GIVEN RECORDS:
◆ ◆ ◆ ◆ ◆ ◆ ◆

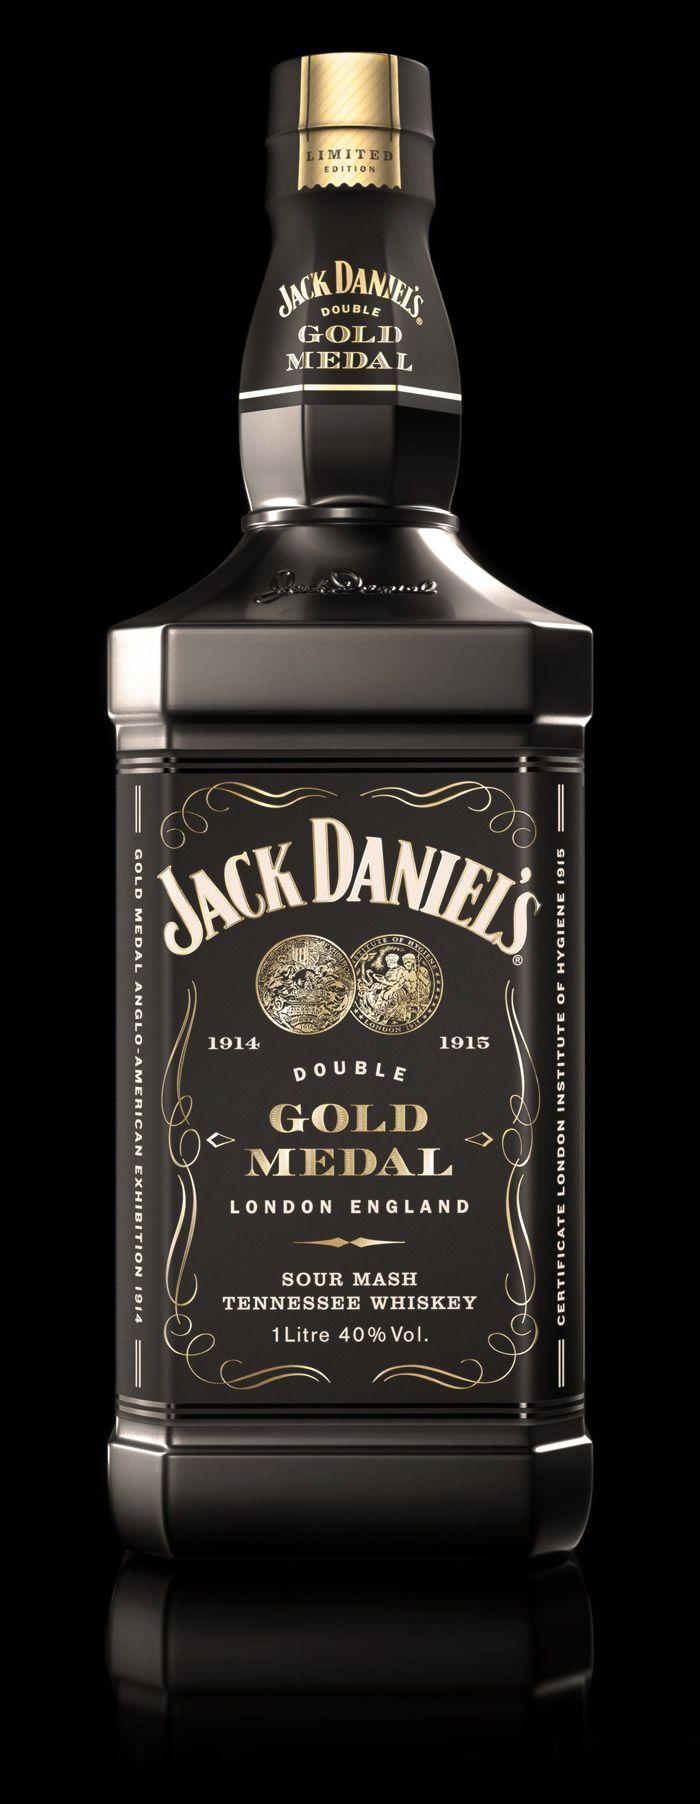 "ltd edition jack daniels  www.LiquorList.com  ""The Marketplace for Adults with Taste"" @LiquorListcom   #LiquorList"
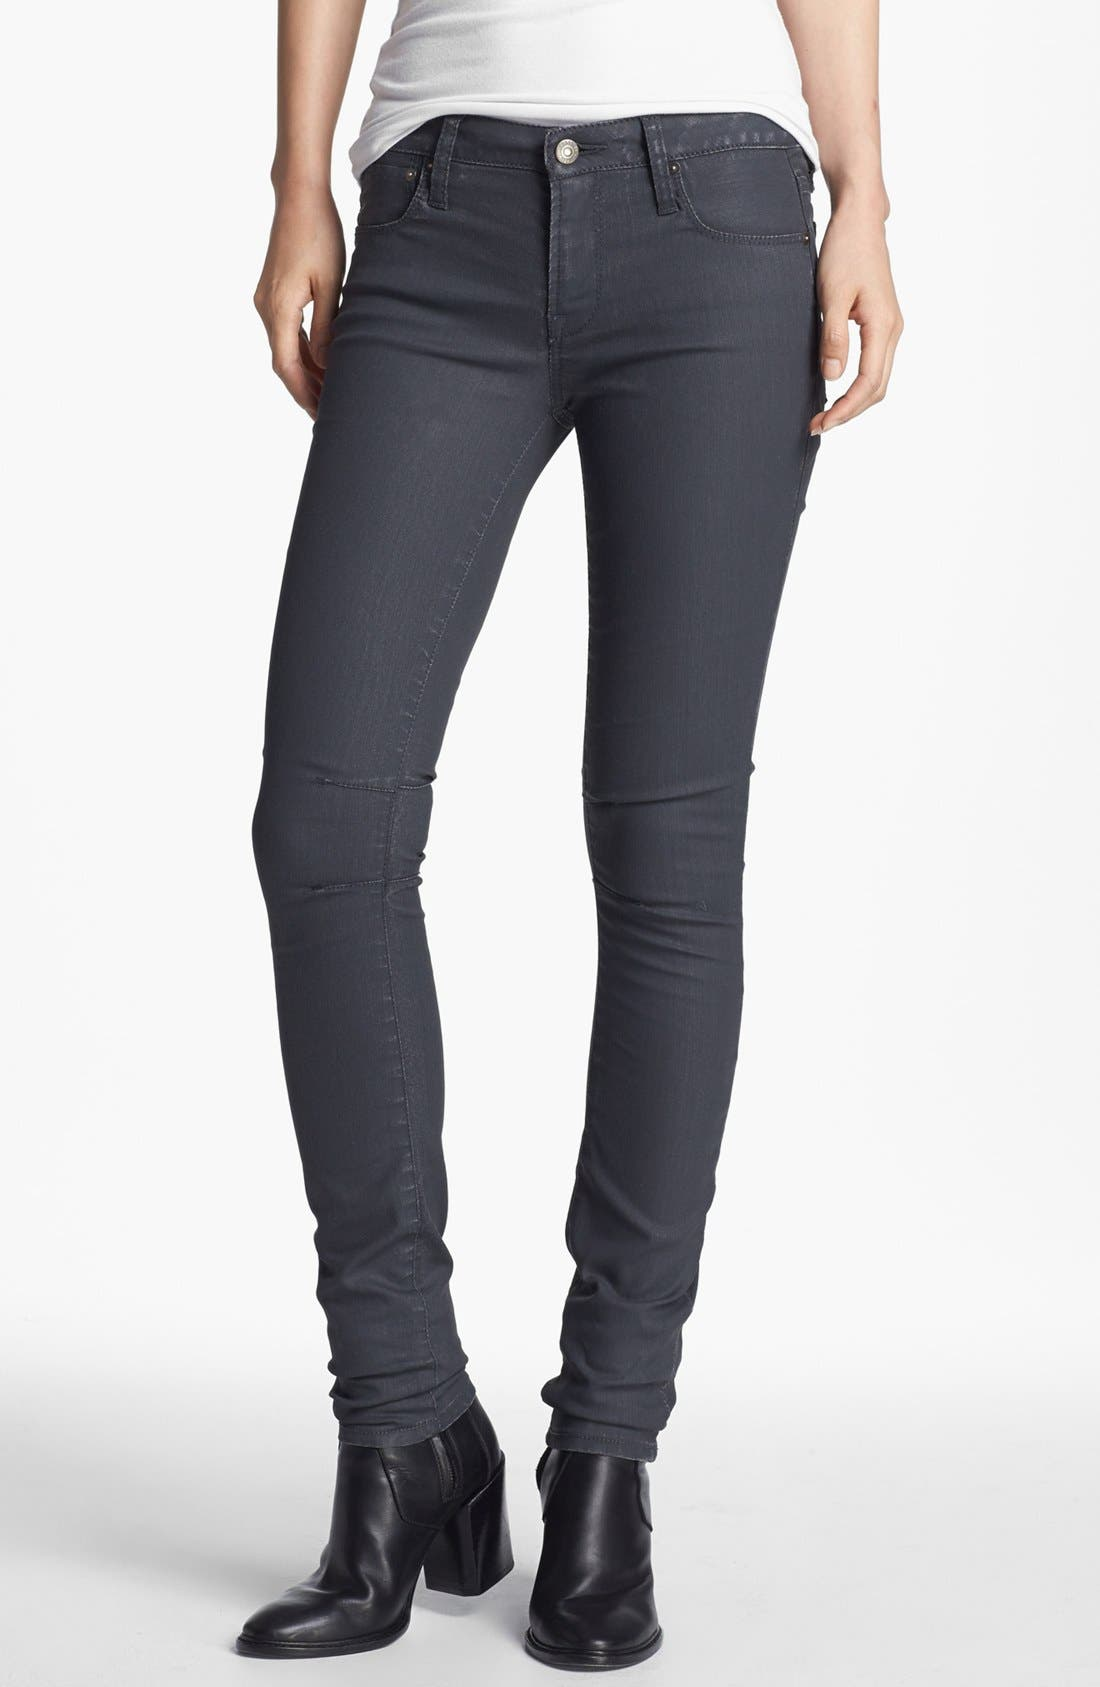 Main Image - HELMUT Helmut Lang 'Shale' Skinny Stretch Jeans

◆ ◆ ◆ ◆ ◆ ◆ ◆

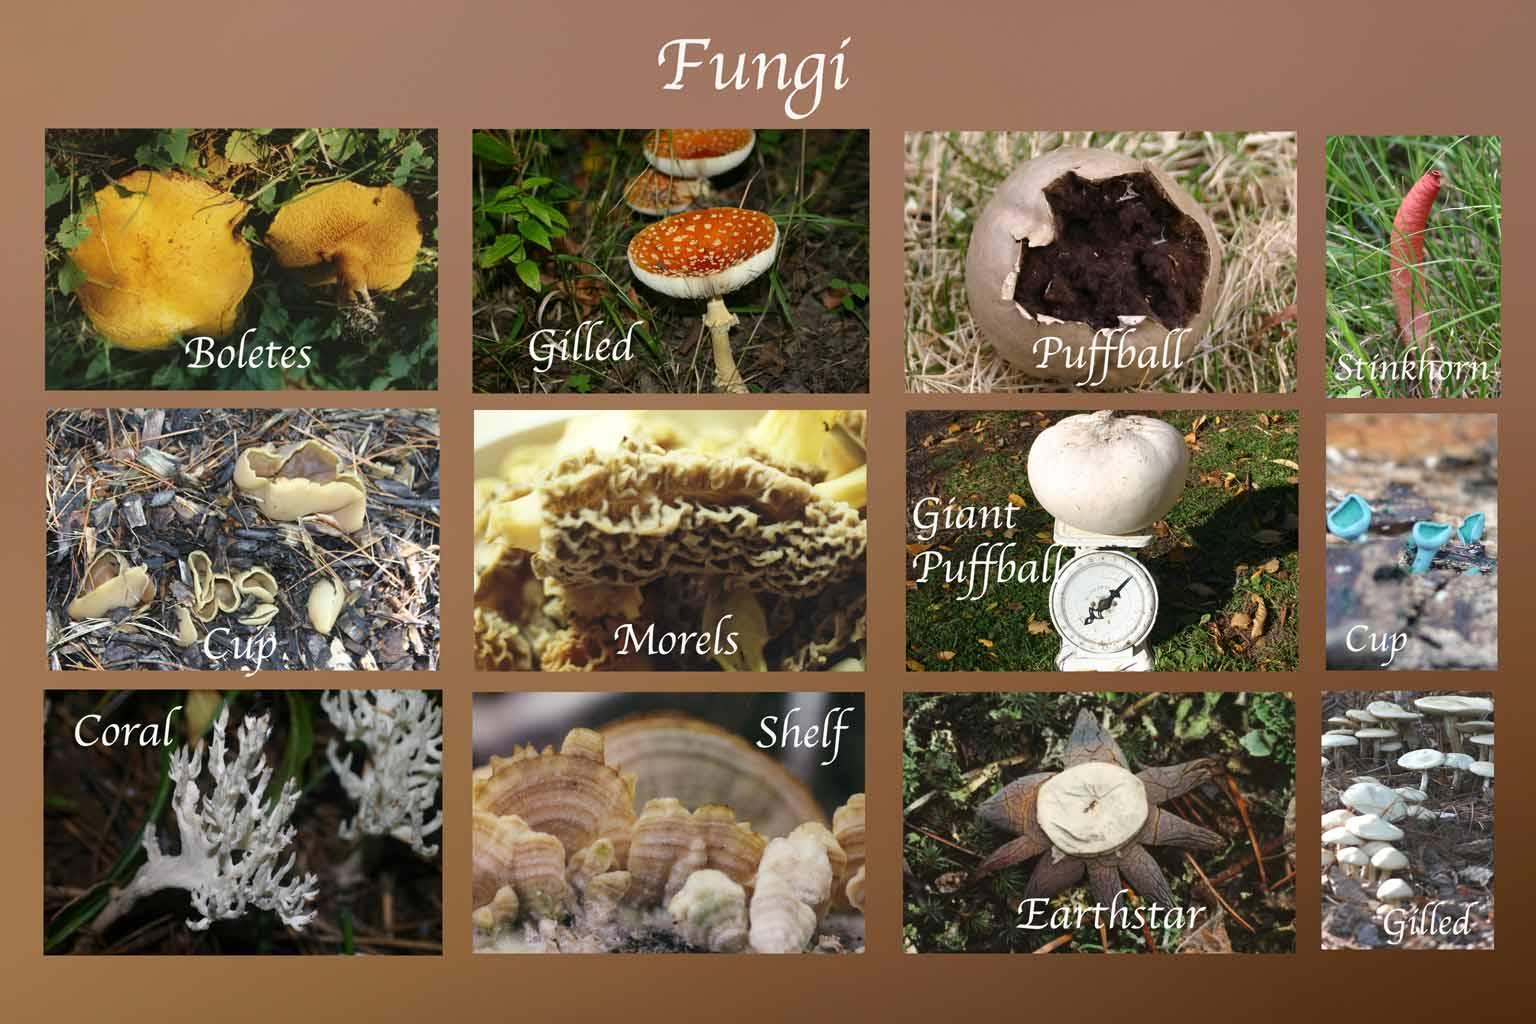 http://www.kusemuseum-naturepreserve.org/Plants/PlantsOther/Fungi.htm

◆ ◆ ◆ ◆ ◆ ◆ ◆

ACTION ITEM:
Print, word for word, the lines above that run from the line containing "edition jack daniels" to the line containing "Main Image - HELMUT", both included. Keep the pictures out.

OUTPUT FOR THIS EXERCISE:
 "ltd edition jack daniels  www.LiquorList.com  ""The Marketplace for Adults with Taste"" @LiquorListcom   #LiquorList"
 Main Image - HELMUT Helmut Lang 'Shale' Skinny Stretch Jeans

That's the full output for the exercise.